Roll out for Bike Month in Takoma Park.

The city celebrates pedal power with it’s own Bike to School Day May 4, and the regional Bike To Work Day on May 20.

Census data shows a 183 percent increase in bike commuting from 2011 to 2014 in Takoma Park’s ZIP code area, according to senior city planner Erikin Ozberk’s blog entry Celebrate Bike Month.

SOMEWHERE IN TAKOMA • Bike to work day: Scene encountered by Takoma commuters at Rhode Island Avenue Bike to Work station. Photo by Mary S. Ellsworth

Bike to work day scene encountered last year by Takoma commuter Mary Ellsworth at Rhode Island Avenue Bike to Work station. Photo by Mary S. Ellsworth.

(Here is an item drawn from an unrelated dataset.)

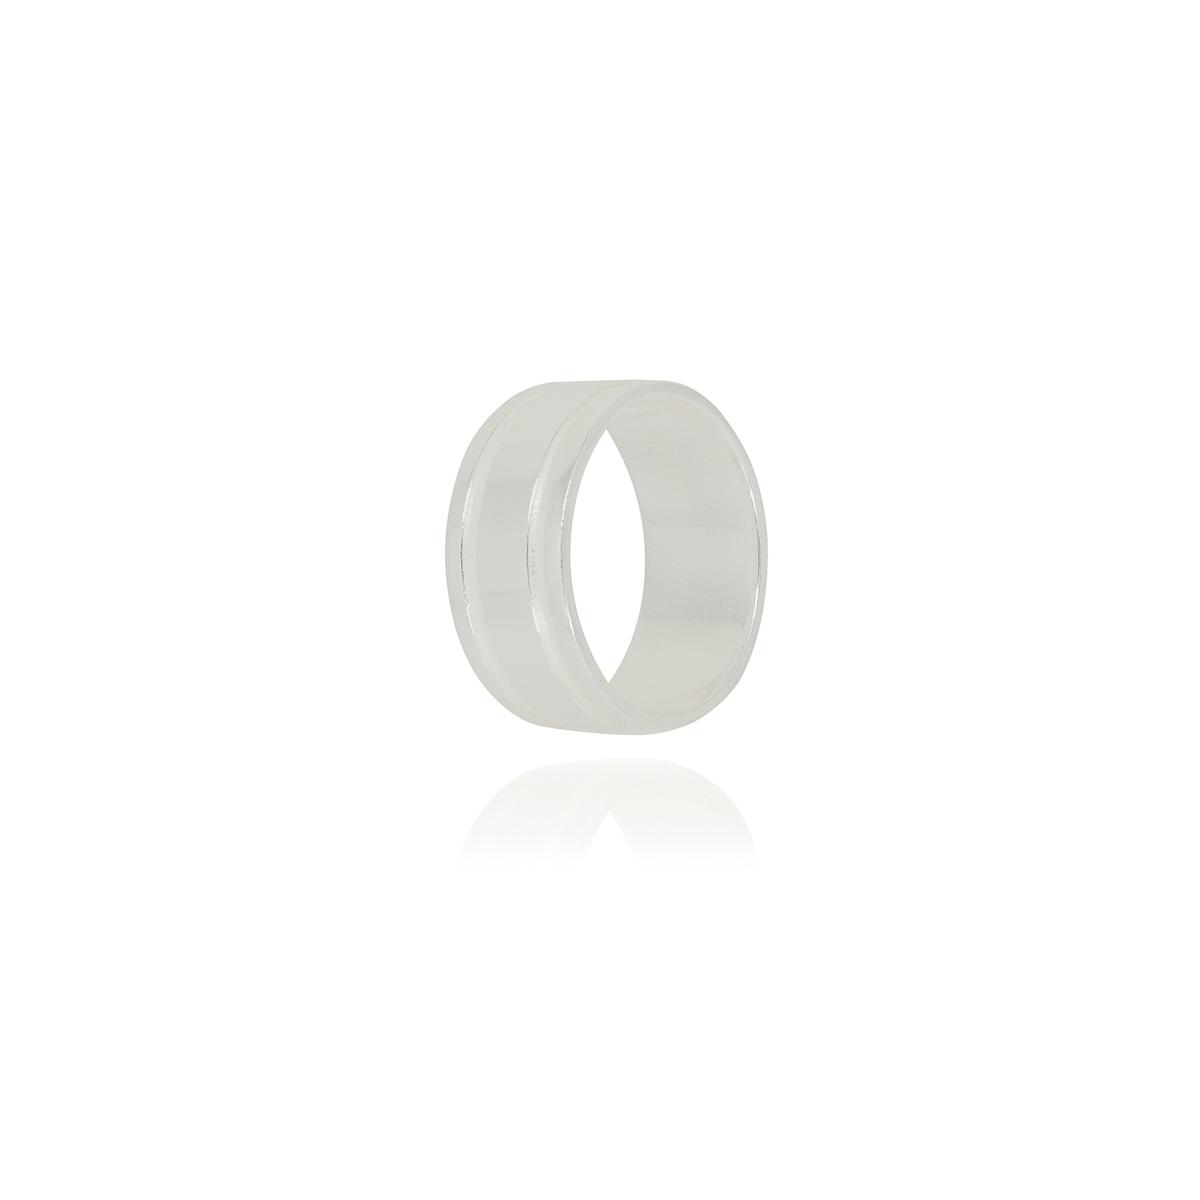 Aliança anatômica 8 mm joia em prata 925 maciça com frisos

The city likes to start them young. This year’s Bike to School Day went well, thanks to good weather, according to Lucy Neher, Safe Routes to School Coordinator. Neher reported about her experience on the day riding with a graduate of last summer’s I Can Shine Bike Camp. The camp teaches children with special needs between the ages of 8 and 14 how to ride bicycles. Children who are Takoma Park residents can participate free of charge. The I Can Shine Bike Camp will be held again this summer June 27 through July 1, 2016.

Bike to Work Day

The city will participate in the DC metropolitan area Bike to Work Day. On the day, May 20 this year, bike commuters are celebrated and non-bike commuters are encouraged to try it. There are 80 “pit-stops” throughout the region, three of them in Takoma Park. Each is managed by a local business or agency. Bikers stop by and load up on goodies.

Each pit stop manager makes his or her own arrangements for food, drink and other giveaways, but all of them hand out Bike To Work Day tee-shirts. This year’s shirt is charcoal gray with a bright yellow design. Participants must reserve a t-shirt at the event’s website, and they must designate which pit stop they will visit to pick it up.

Scott Williams, League of American Bicyclists membership director talks to a bike-to-worker.

Scott Williams, League of American Bicyclists membership director talks to a bike-to-worker, at the Takoma Gazebo on Bike to Work Day, 2013. Photo by Bill Brown

Takoma Bicycles manages the pit-stop at the Takoma Park Gazebo on Carroll Avenue, just across the street from their store-front. Takoma Bicycle, owned by Bruce Sawtelle  is the city only bike shop since the Green Commuter left Takoma Junction for Silver Spring a few months ago.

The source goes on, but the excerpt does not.